The Bottom Line
- Personal Antispam X5 filters spam conveniently in Mac OS X Mail and Entourage
- A combination of rules, learning Bayesian filtering and URL blacklist captures lots of junk mail
- Personal Antispam X5 can mis-identify a significant amount of good mail as spam
- In OS X Mail, using a rule to filter, Personal Antispam does not clean IMAP folders automatically
- Personal Antispam X5 requires a system restart at installation
Description
- Personal Antispam X5 filters spam in Mac OS X Mail and Microsoft Entourage.
- A learning Bayesian filter joins forces with URL and sender blacklists as well as further rules for spotting spam.
- Personal Antispam X5 can get fresh rules from online updates.
- Using the email program's filtering engine, Personal Antispam X5 moves junk to a special "Spam" folder.
- You can recover mail or mark it as spam (and teach Personal Antispam X5's filter) using the menu and keyboard shortcuts.
- A white list lets you safeguard certain senders (as well as, automatically, people in your address book).
- Personal Antispam X5 keeps a log of its message filtering and reasons for letting messages pass or deeming them spam.
- Personal Antispam X5 supports Mac OS X 10.4/5.
Guide Review - Personal Antispam X5 10.5 - Spam Filter
So far so good. It's a pity Personal Antispam X5 does not trust its content filter — and not your teaching much either. In my tests, one or the other rule found something wrong with many a good and honest email. Newsletters in particular fell prey to Personal Antispam X5, and other than adding their senders to the white list, I found no way to stop the filtering (turning off URL detection helped somewhat).

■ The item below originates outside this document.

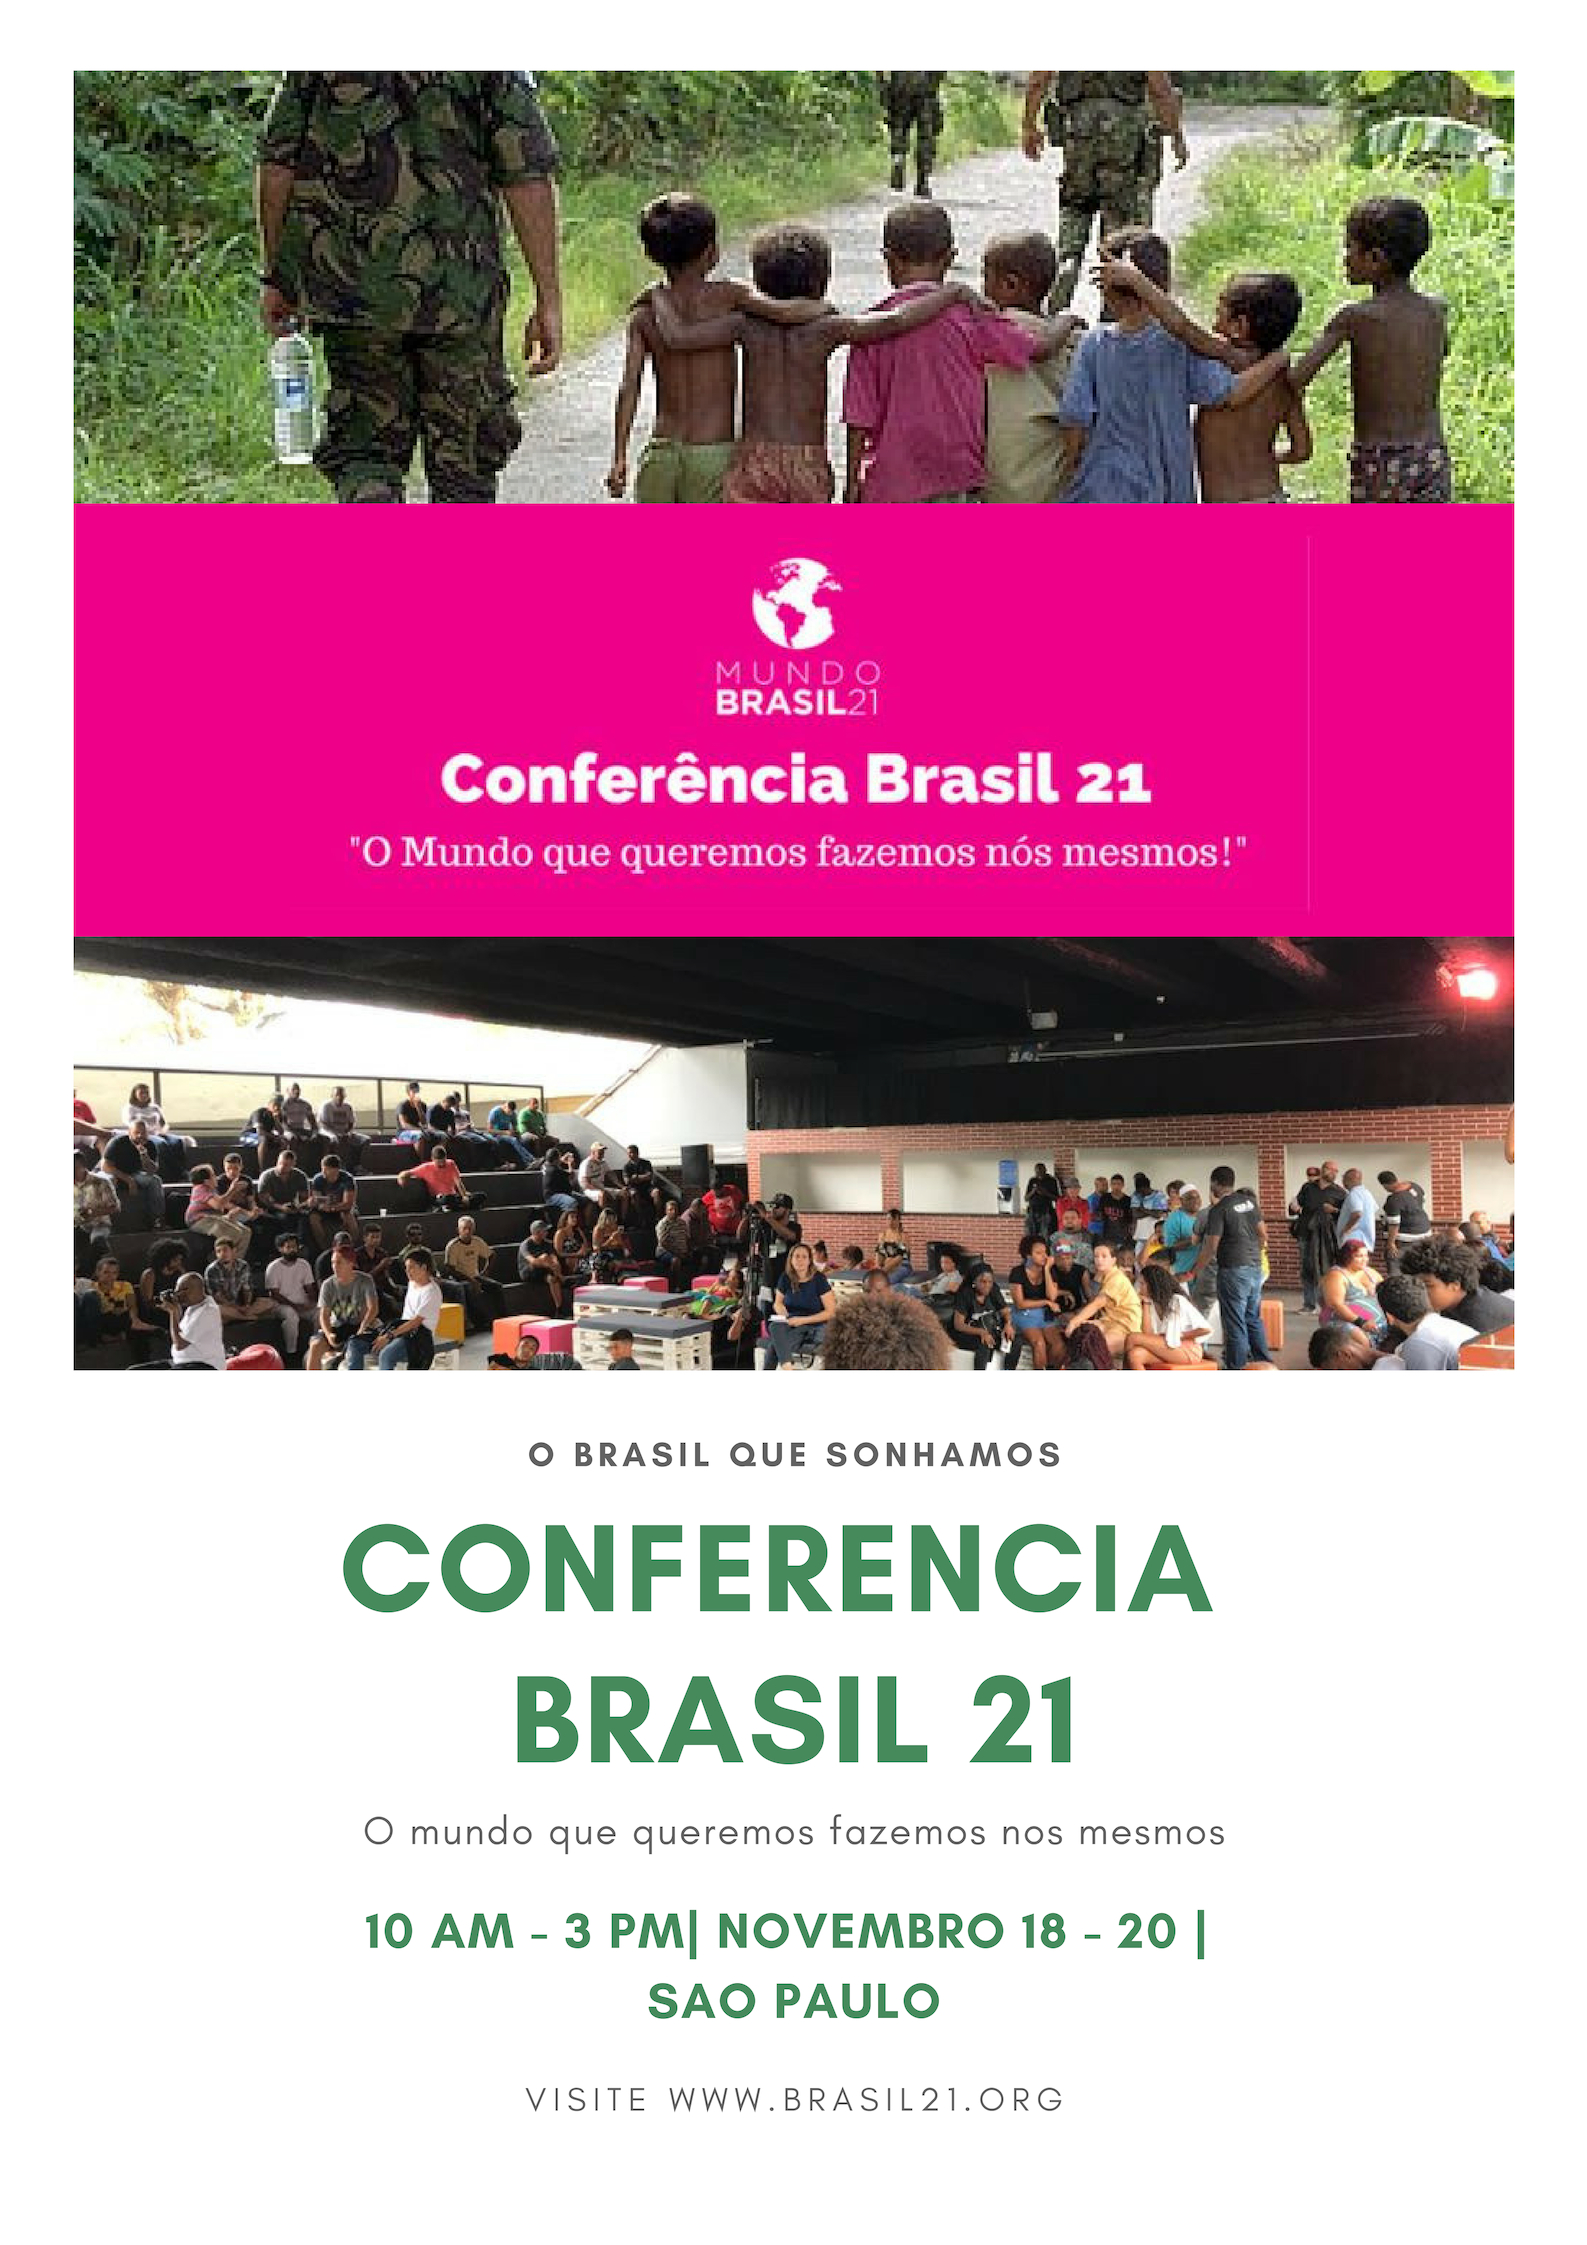 Brasil 21 – Lancamento Nacional: Primeira Conferencia de Economia de Mercado com Justiça Social. CSVM - Sao Paulo. 2018

Assuming it does filter correctly, Personal Antispam X5 does so using a rule. In Mac OS X Mail, this works handsomely as far as POP accounts go. For IMAP folders and inboxes, you can "apply rules" manually and have Personal Antispam X5 scan for spam. Training, again, is easy with menu commands and keyboard shortcuts; all mail identified as junk is collected in a "Spam" folder.